▶ **WHAT TO WORK ON**
Within the listing that follows, reproduce exactly the lines starting at the line with "marley 10-inch gel" and ending at the line with "Perculsus - CAROLINA REAPER hot sauce", inclusive, and only those. Pictures are dropped.

▶ **PROVIDED RECORDS**
▬▬▬▬▬▬

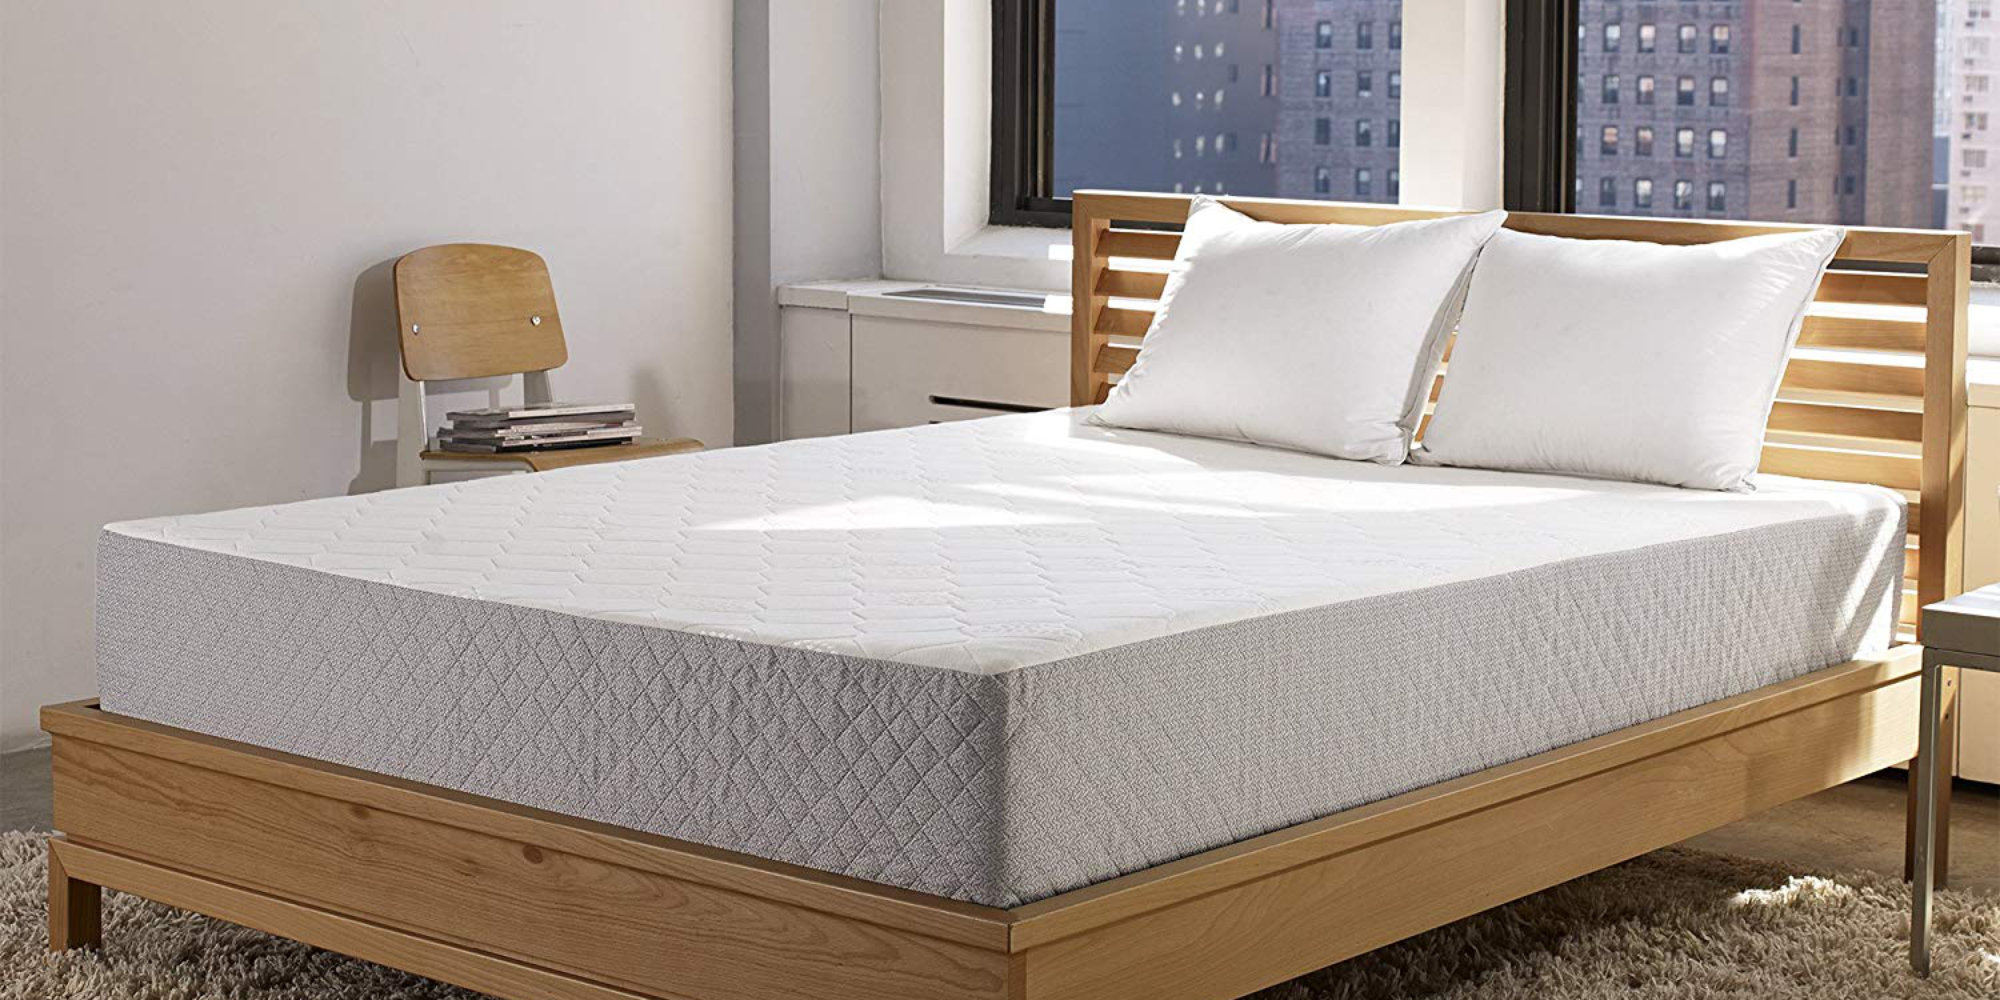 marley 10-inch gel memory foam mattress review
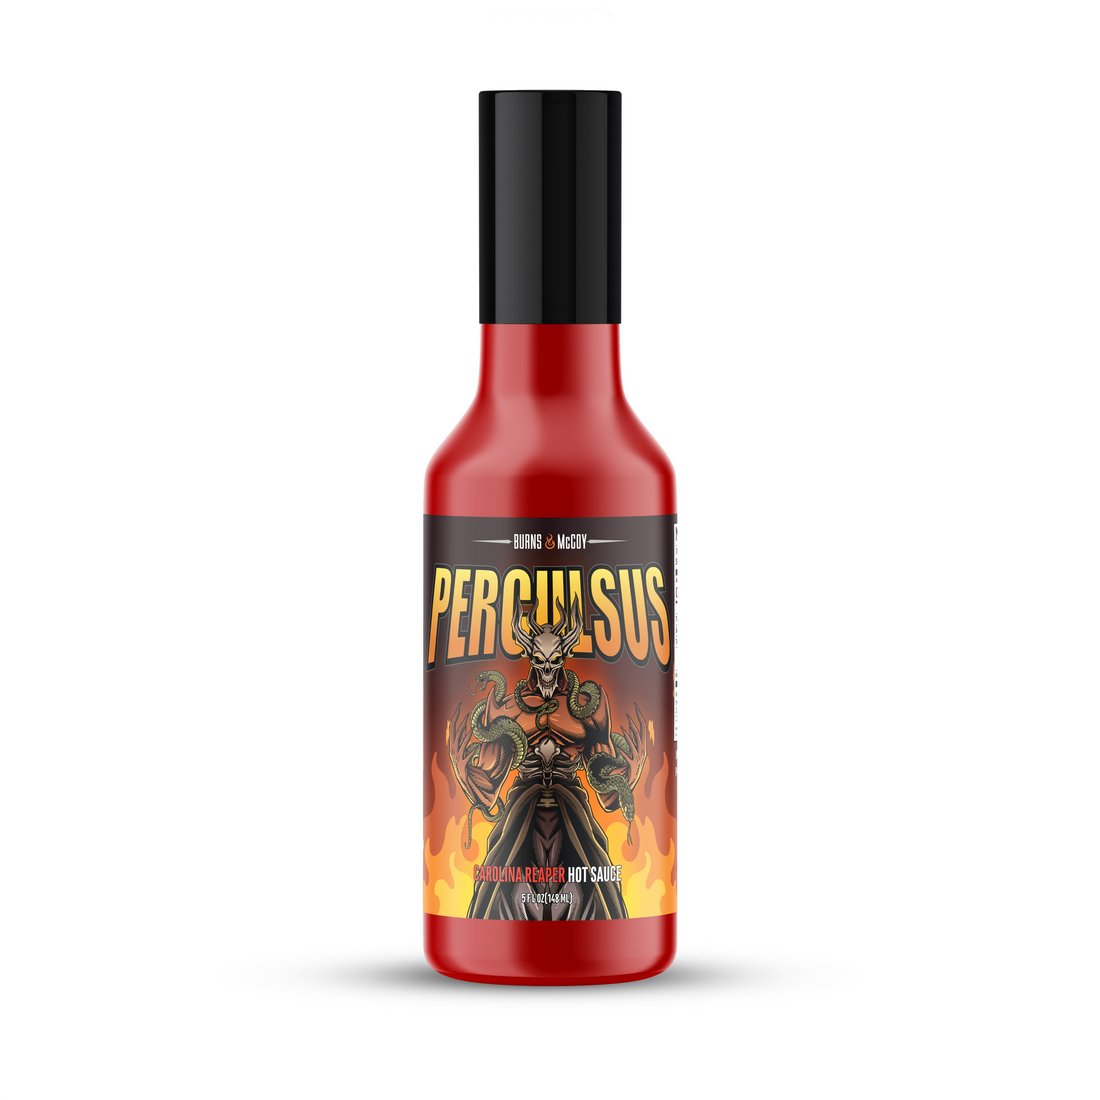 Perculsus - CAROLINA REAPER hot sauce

▬▬▬▬▬▬

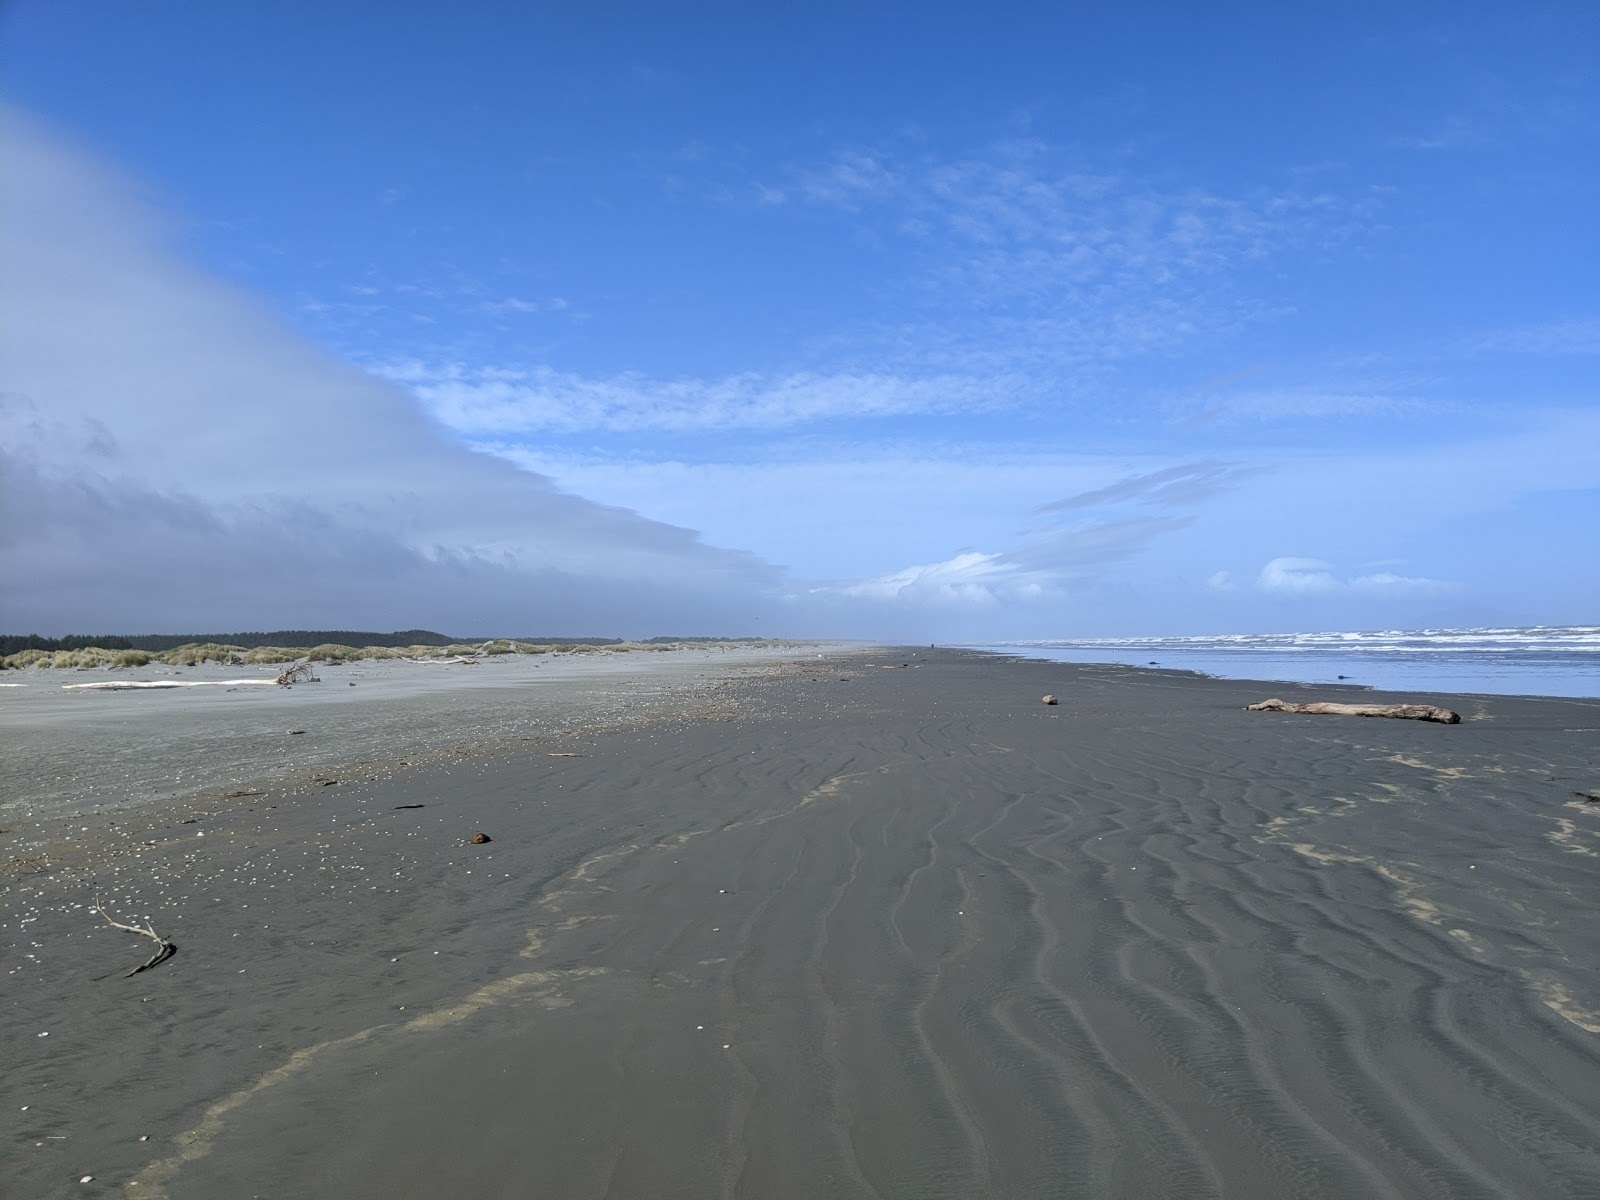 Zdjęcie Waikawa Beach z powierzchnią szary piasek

▬▬▬▬▬▬

▶ **ANSWER TO THIS EXERCISE**
 marley 10-inch gel memory foam mattress review
 Perculsus - CAROLINA REAPER hot sauce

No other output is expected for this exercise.